Exercise requirements: Your copy of the listing should match it exactly, only without pictures.

Provided data:
******************************

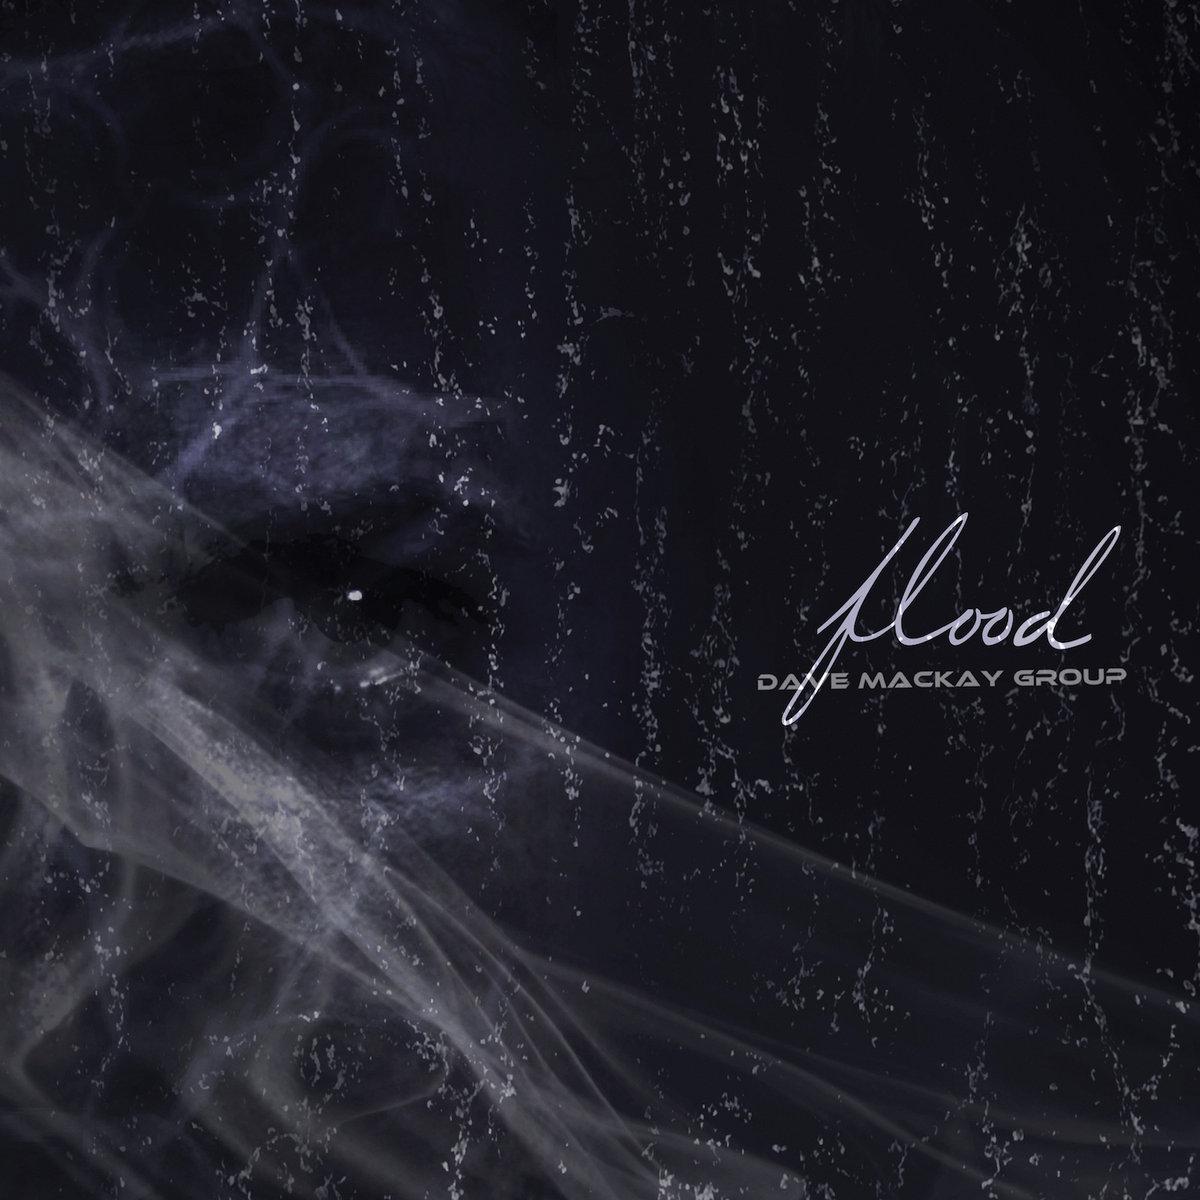 Dave Mackay - Flood
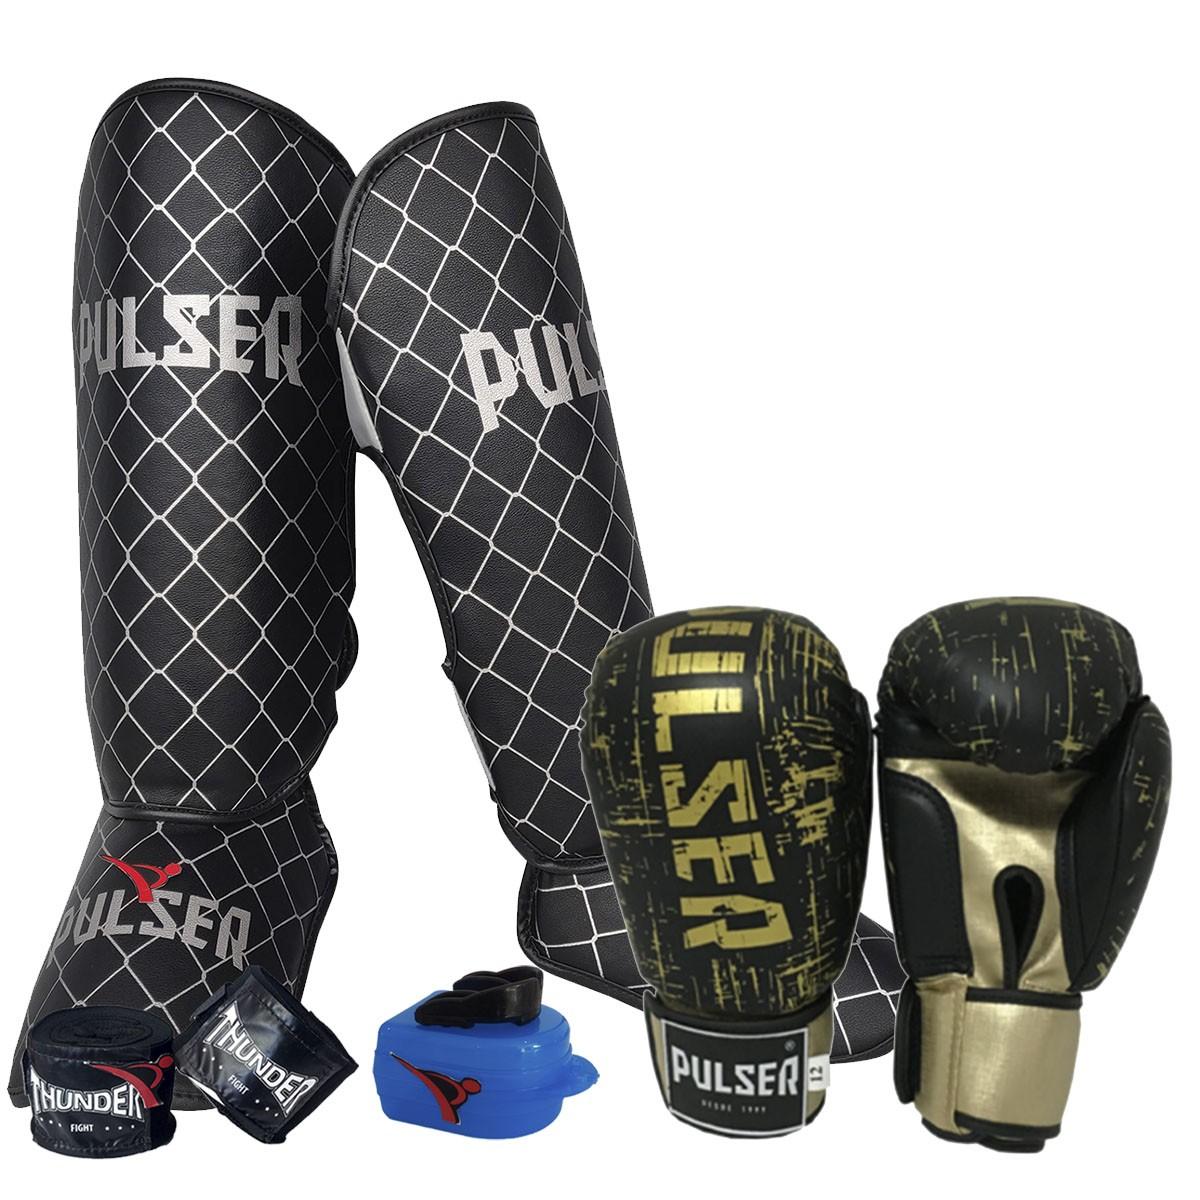 Kit de Muay Thai / Kickboxing 12oz - Preto e Dourado Riscado - Pulser  - PRALUTA SHOP
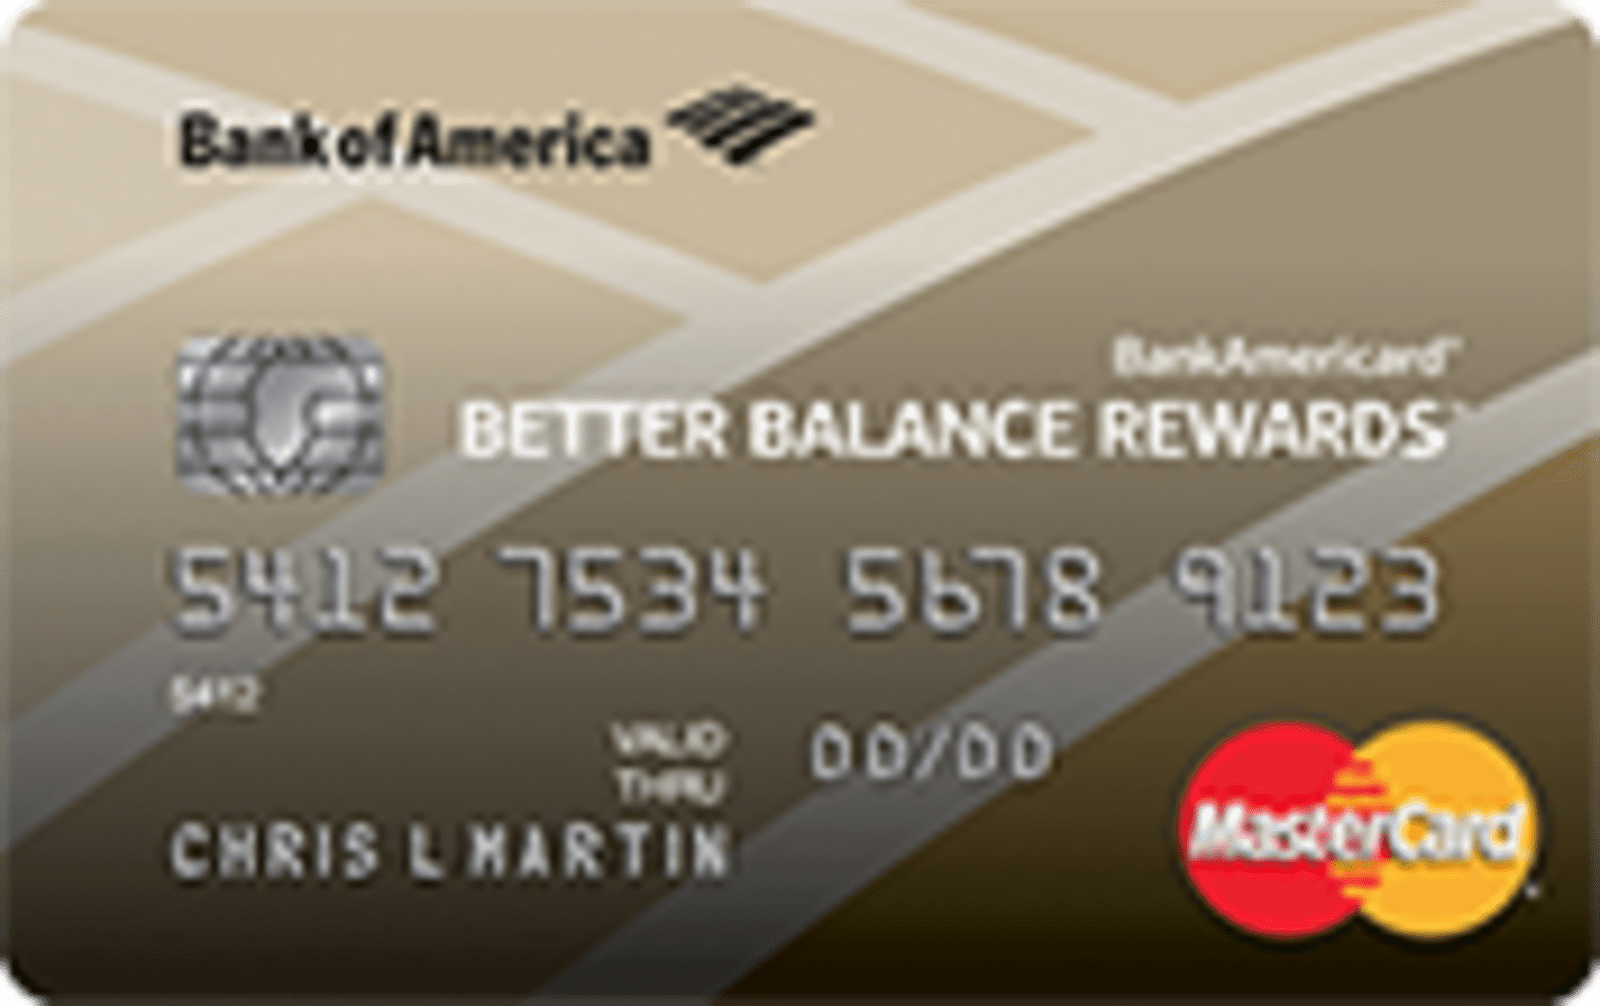 BankAmericard® Better Balance Rewards
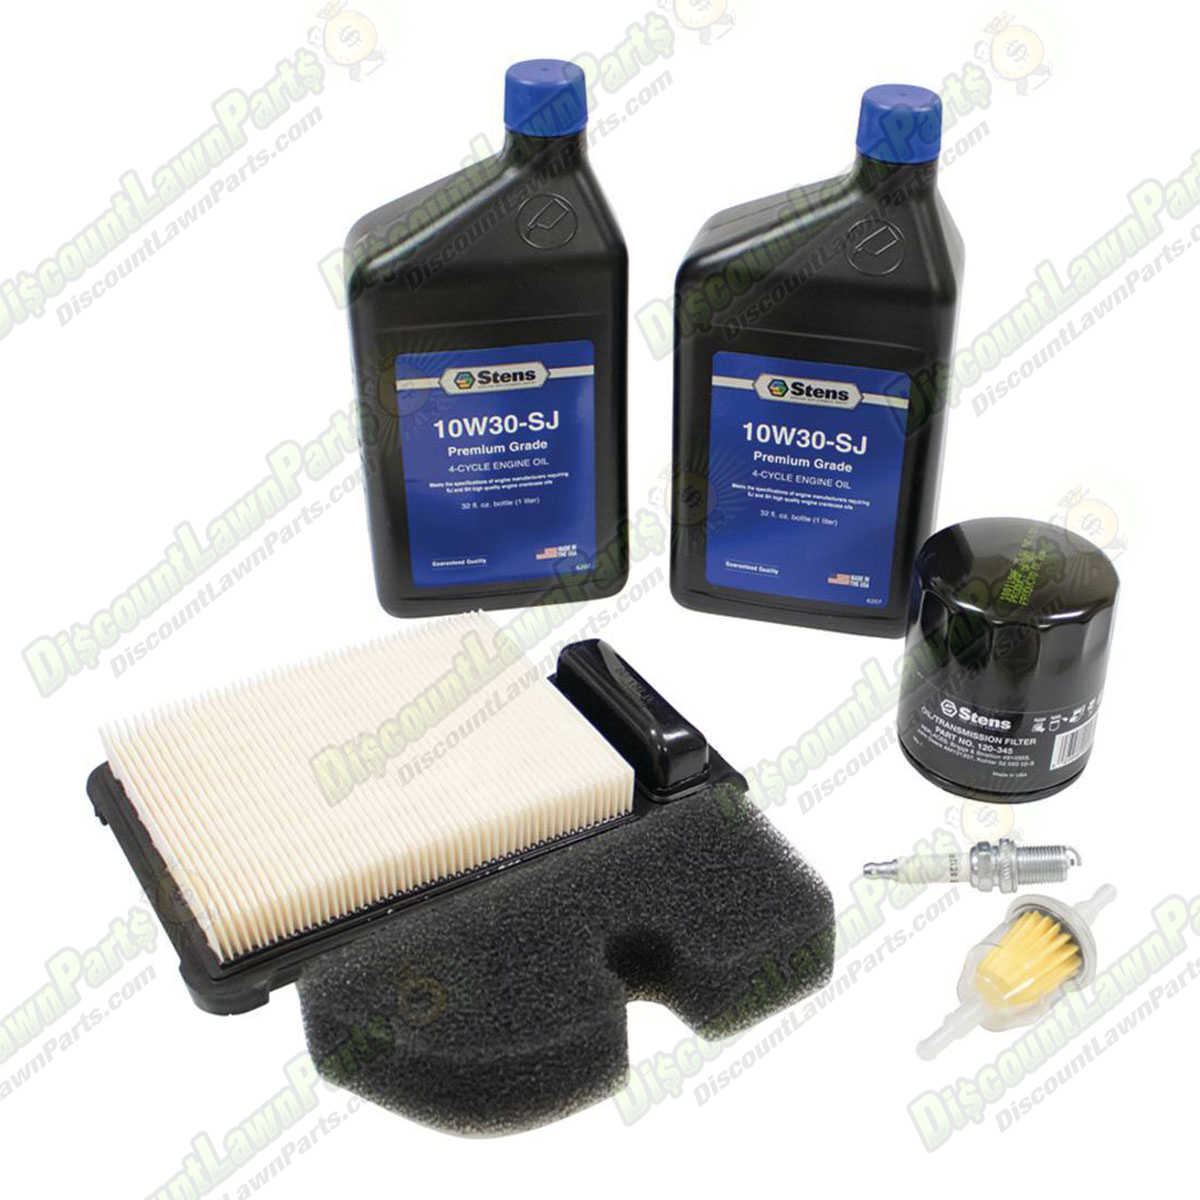 Engine Maintenance Kit / Kohler 20 789 01-S Replacement Engine Maintenance  Kit / Stens 785-592

******************************

Problem solution:
 Dave Mackay - Flood
 Kit de Muay Thai / Kickboxing 12oz - Preto e Dourado Riscado - Pulser  - PRALUTA SHOP
 BankAmericard® Better Balance Rewards
 Engine Maintenance Kit / Kohler 20 789 01-S Replacement Engine Maintenance  Kit / Stens 785-592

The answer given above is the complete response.